3. The liquid laundry detergent formulation according to claim 2, wherein the liquid carrier comprises water.

4. A liquid laundry detergent formulation according to claim 3 wherein a is from 2 to 30 in the presence of an average of from 70 to 100mol% of the formula (II) in the cleaning enhancer.

5. A method according to claim 3Wherein 70mol% to 100mol% of said R in said cleaning enhancer of formula (II) ¹ The radicals are of the formula (IIa)

R ⁵ —O—[CH ₂ CH(R ⁶ )O] _y —*(IIa)

Wherein represents the point of attachment to formula (I); wherein R is ⁵ Selected from hydrogen and C _1-22 An alkyl group;

wherein each R is ⁶ Independently selected from hydrogen and C _1-2 An alkyl group; and wherein y is 2 to 30.
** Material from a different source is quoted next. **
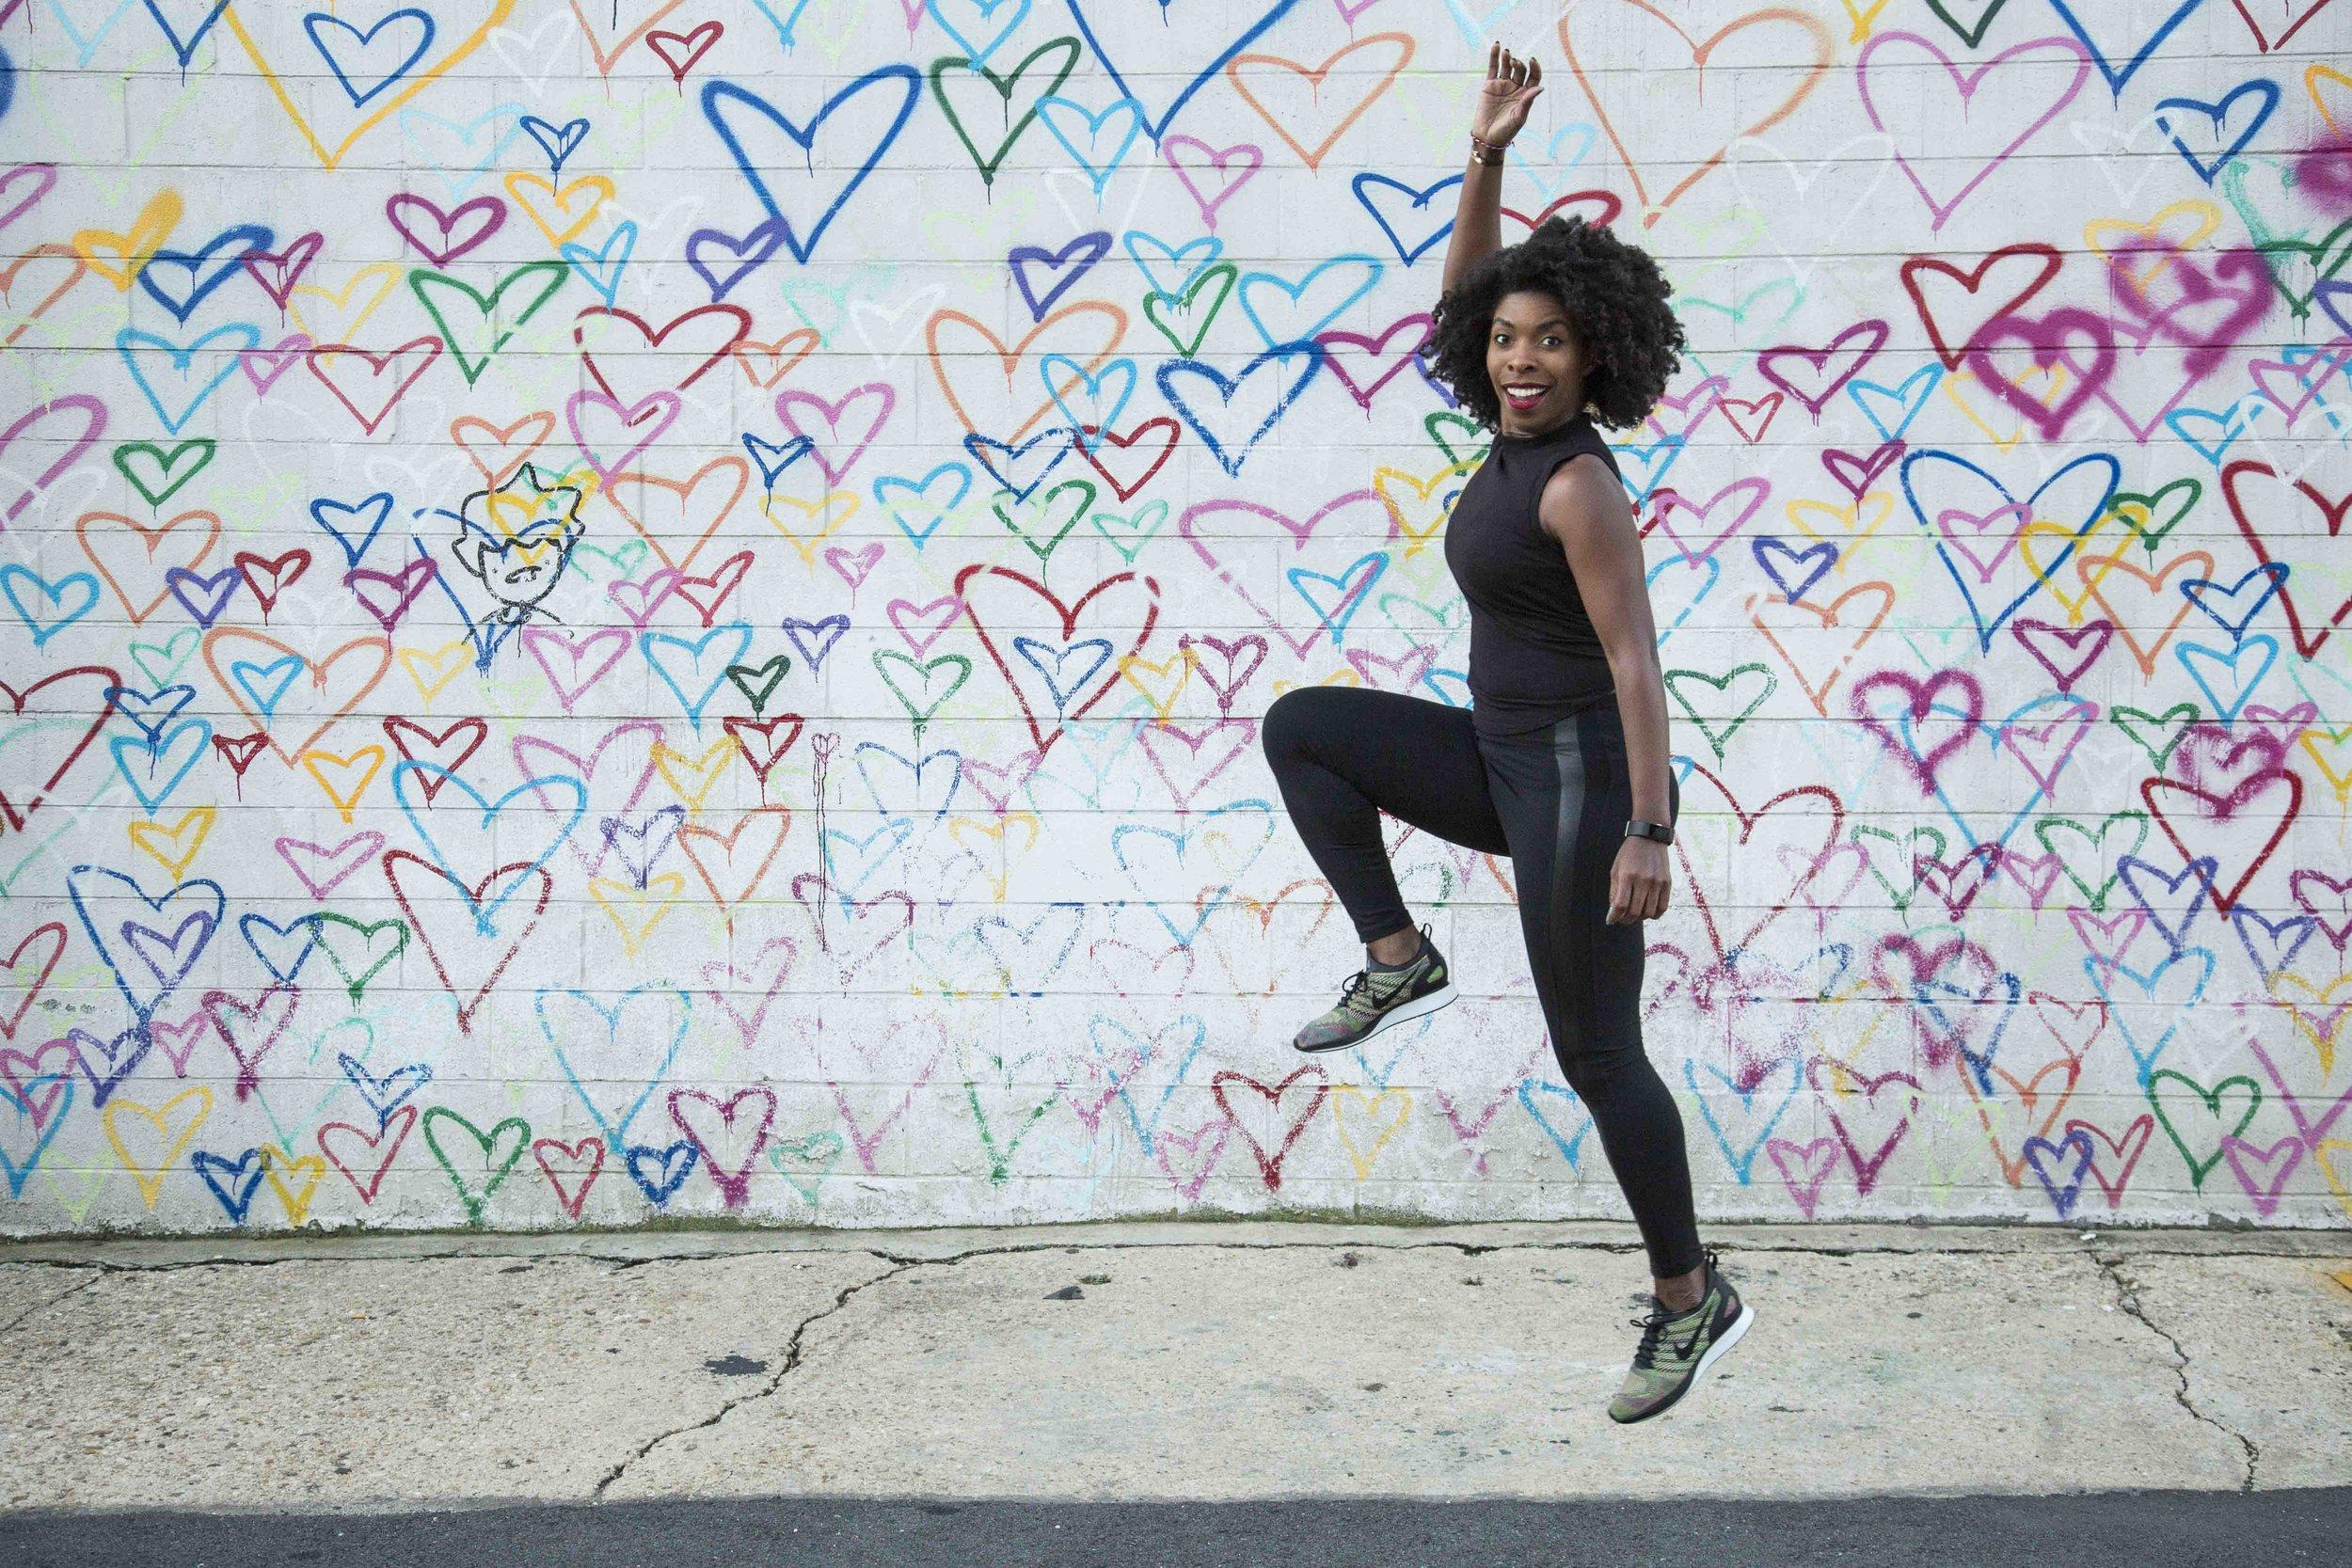 dc-md-va-fitness-professional-yoga-photography-afforadable.jpg
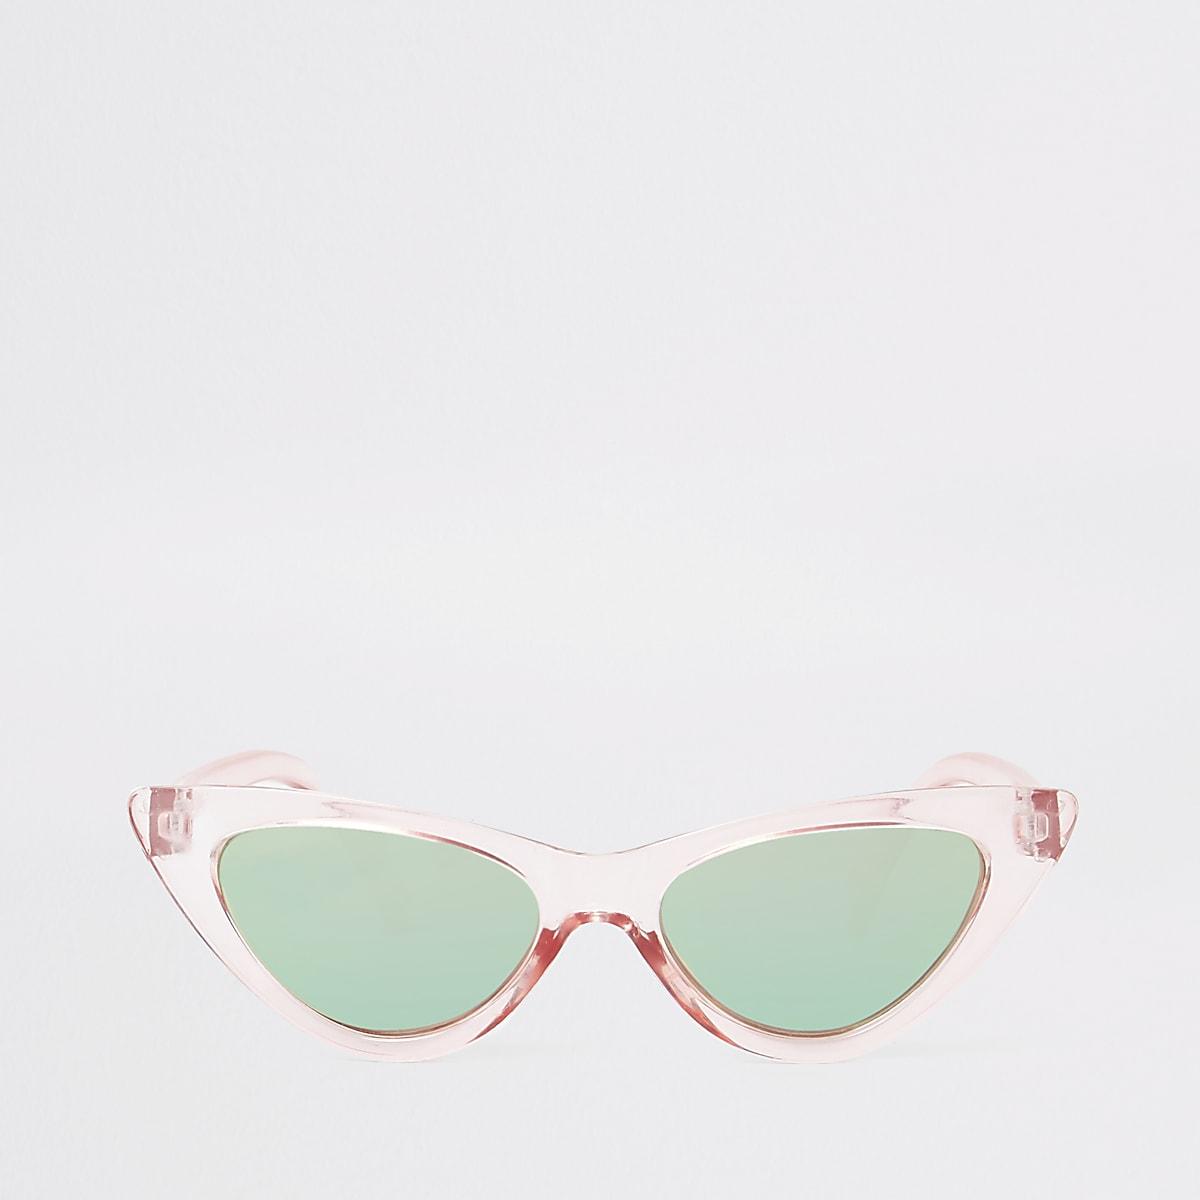 Girls pink cat eye sunglasses

6. A liquid laundry detergent formulation according to claim 3 wherein 70 to 100mol% of the R in the cleaning enhancer of formula (II) ¹ The radicals being of the formula (IIb)

R ⁷ —O—(EO) _h —(PO) _i —(EO) _j —*(IIb)

Wherein represents the point of attachment to formula (I); wherein R is ⁷ Selected from hydrogen and C _1-12 An alkyl group;

wherein EO is an ethylene oxide group; wherein PO is a propylene oxide group; wherein h is 0 to 30; wherein i is 0 to 30; wherein j is 0 and 30; and wherein h+i+j is 2 to 30.

7. The liquid laundry detergent formulation according to claim 6, wherein b is 2, and wherein x is 1.

8. The liquid laundry detergent formulation according to claim 7, wherein R is a methyl group.

9. The liquid laundry detergent formulation according to claim 8, wherein R ⁷ Is C _1-4 An alkyl group; wherein h is 0 to 1; wherein i is 2 to 5; and j is 2 to 6.

10. A method of laundering a fabric article, the method comprising:

providing a stained fabric article;

providing a liquid laundry detergent formulation according to claim 1;

providing washing water; and

the wash water and the liquid laundry detergent formulation are applied to the stained fabric to provide a cleaned fabric article.